_Instructions to follow_:
The reply should hold only the lines below beginning at the one with "#copperjewelry #wirewrappedjewelry #gemstonejewelry" and ending at the one with "A collection of", copied exactly, with every picture left out.

_Records to process_:
# # # # #

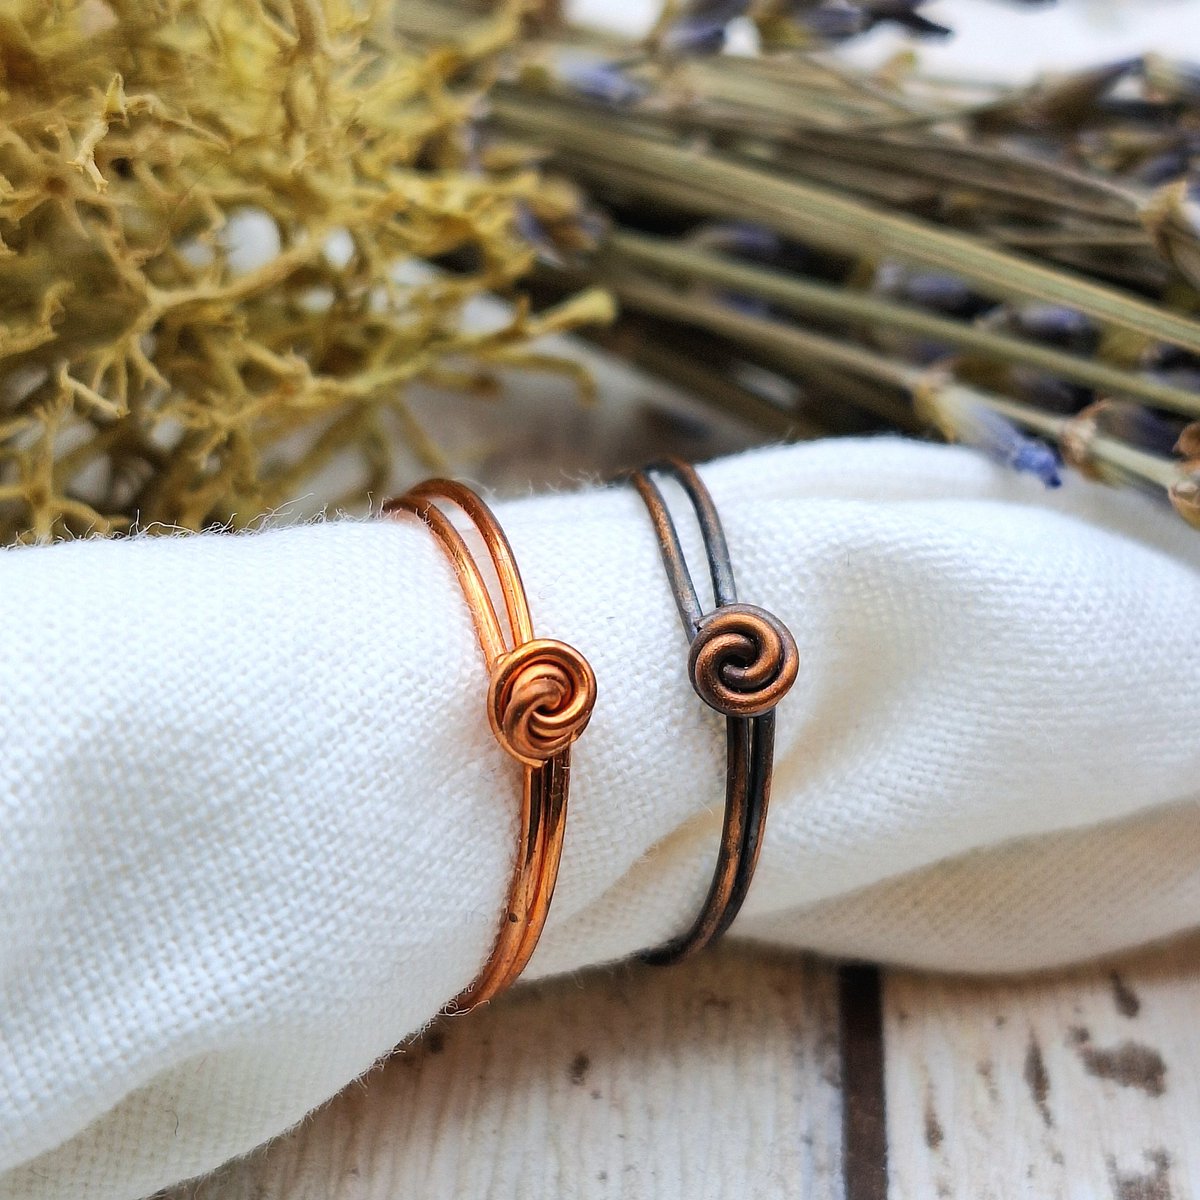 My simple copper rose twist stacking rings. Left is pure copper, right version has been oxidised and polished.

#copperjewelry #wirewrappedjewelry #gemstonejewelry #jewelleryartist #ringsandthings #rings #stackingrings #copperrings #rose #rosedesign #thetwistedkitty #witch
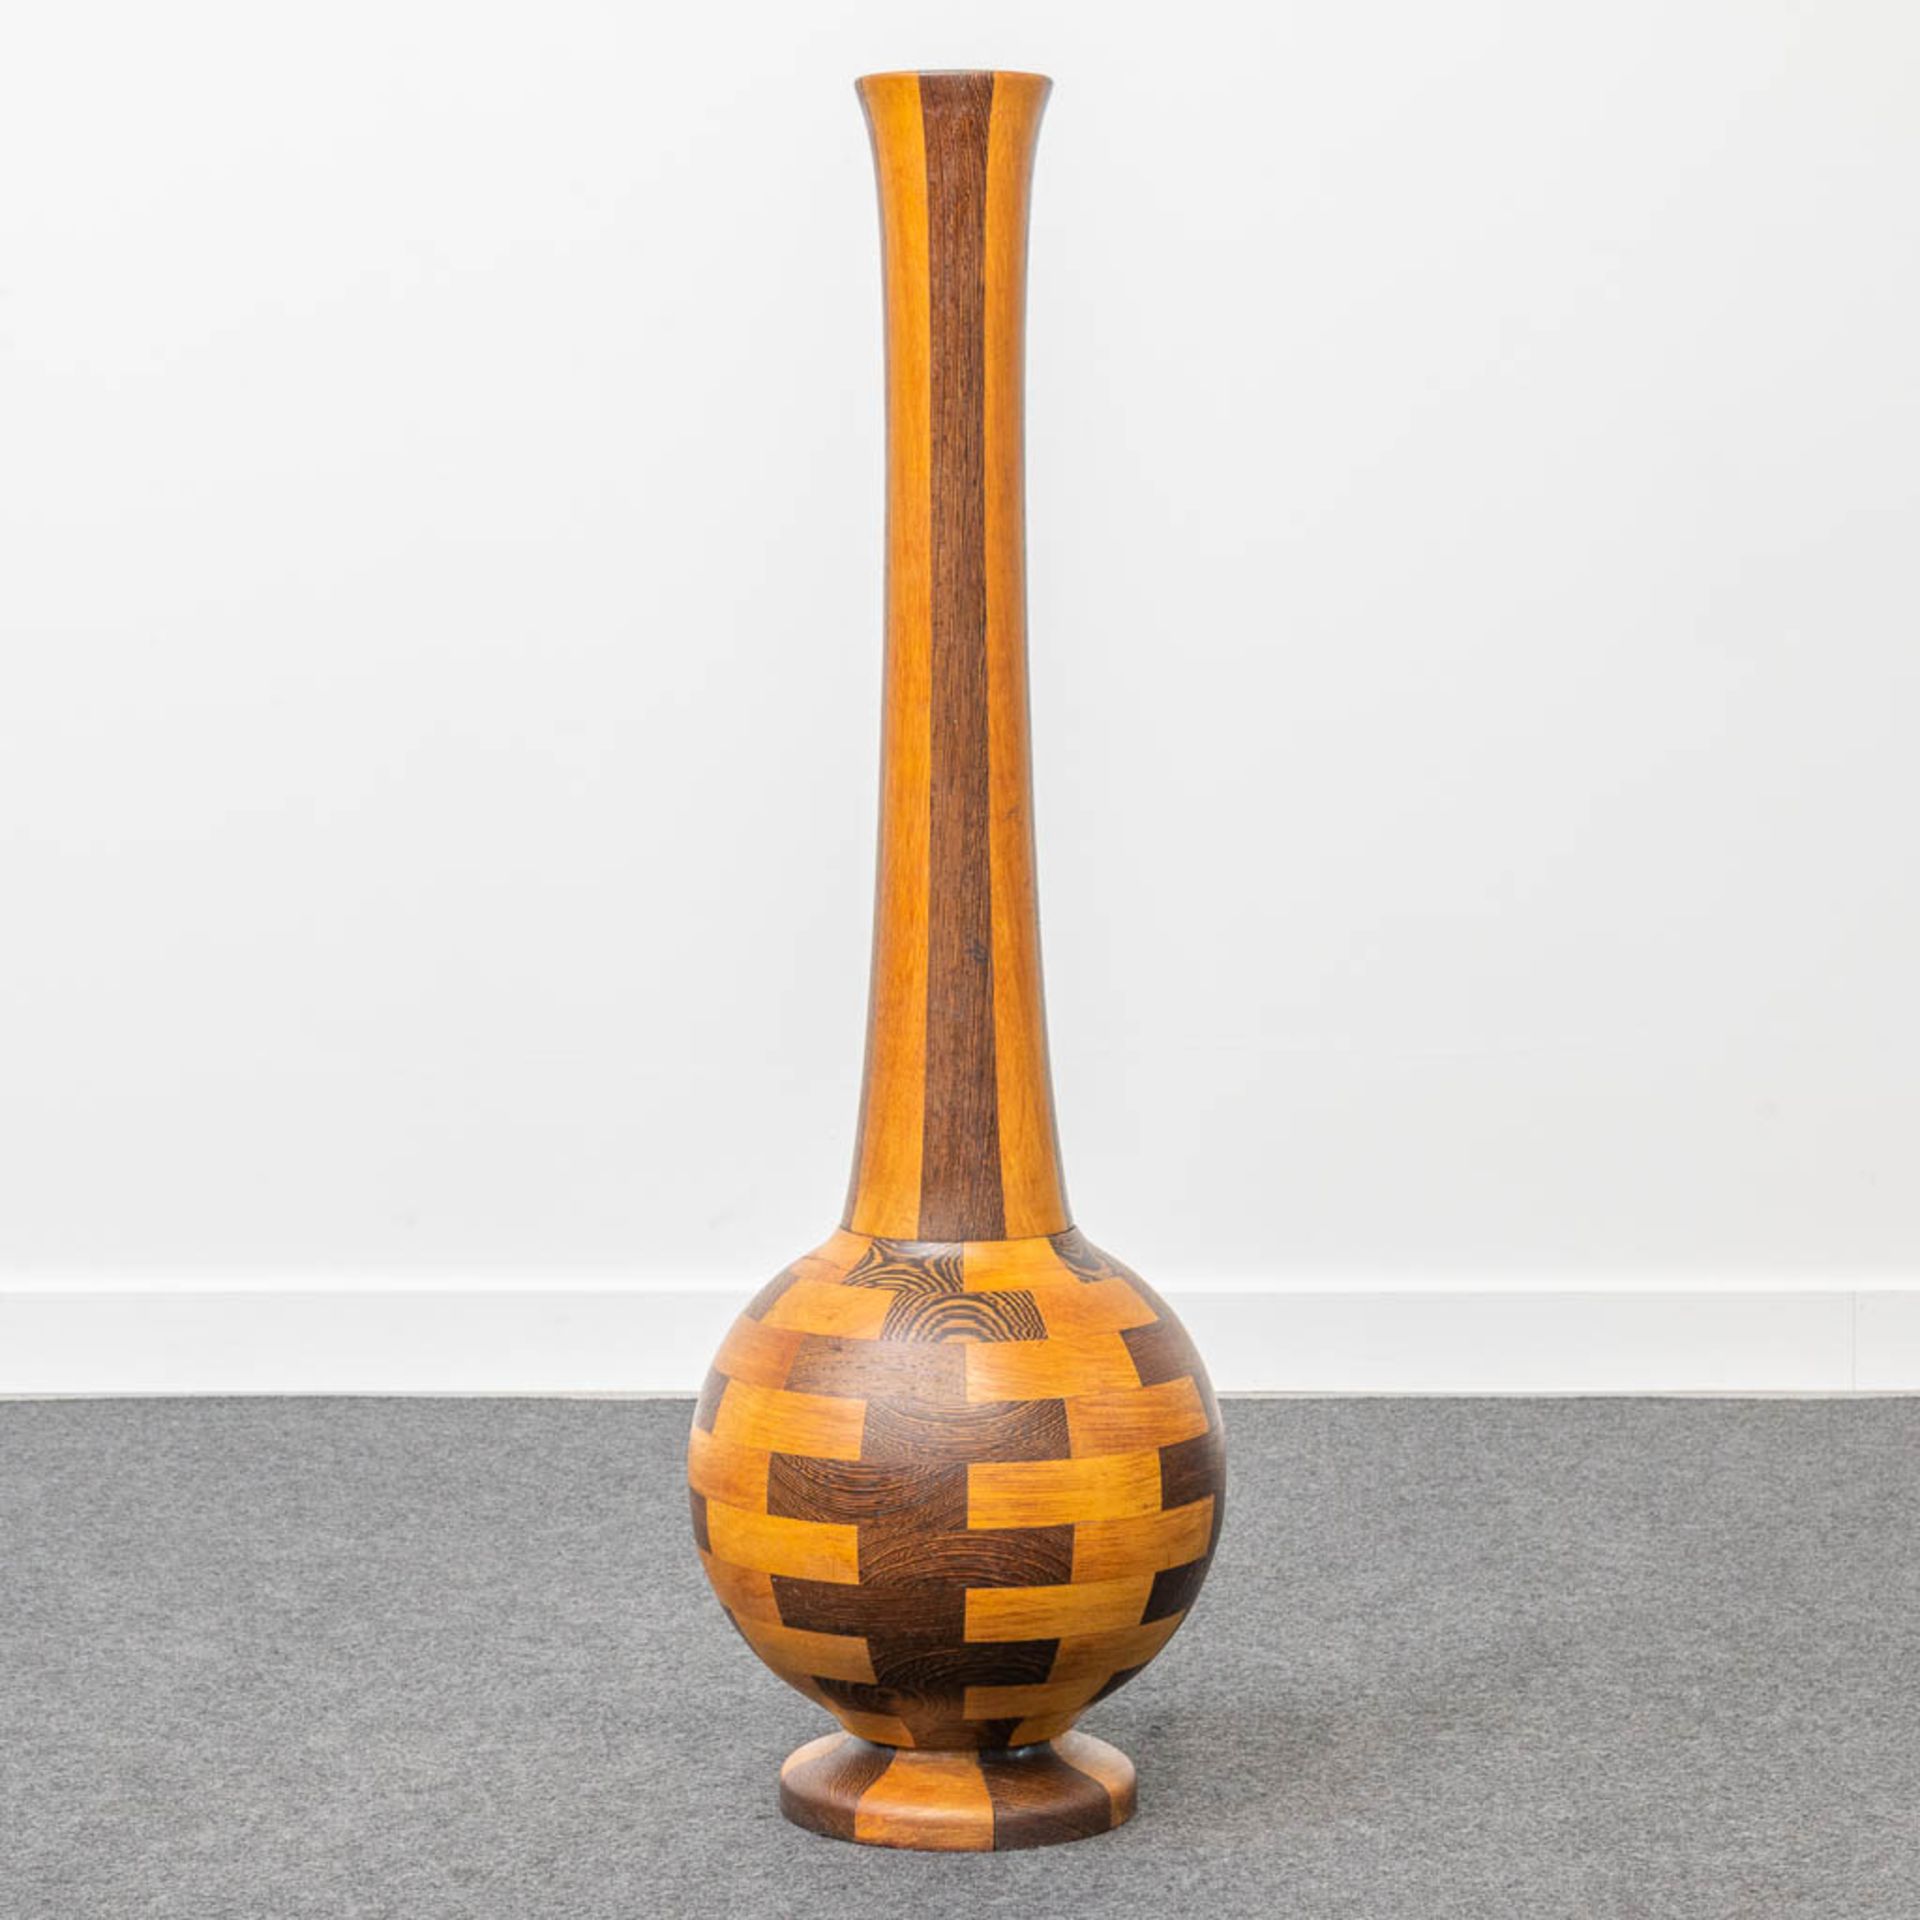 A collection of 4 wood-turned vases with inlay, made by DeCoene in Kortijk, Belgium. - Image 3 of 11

# # # # #

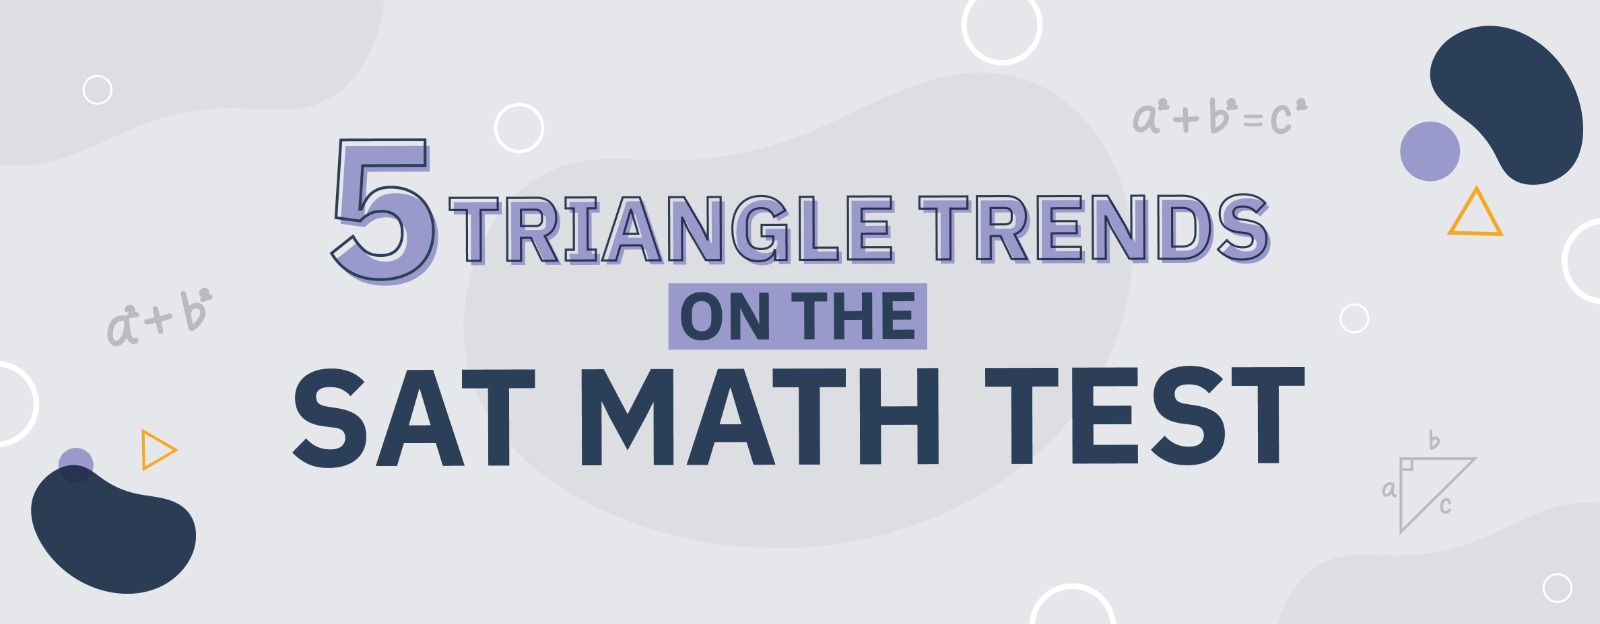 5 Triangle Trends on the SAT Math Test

# # # # #

_The completed task_:
#copperjewelry #wirewrappedjewelry #gemstonejewelry #jewelleryartist #ringsandthings #rings #stackingrings #copperrings #rose #rosedesign #thetwistedkitty #witch
 A collection of 4 wood-turned vases with inlay, made by DeCoene in Kortijk, Belgium. - Image 3 of 11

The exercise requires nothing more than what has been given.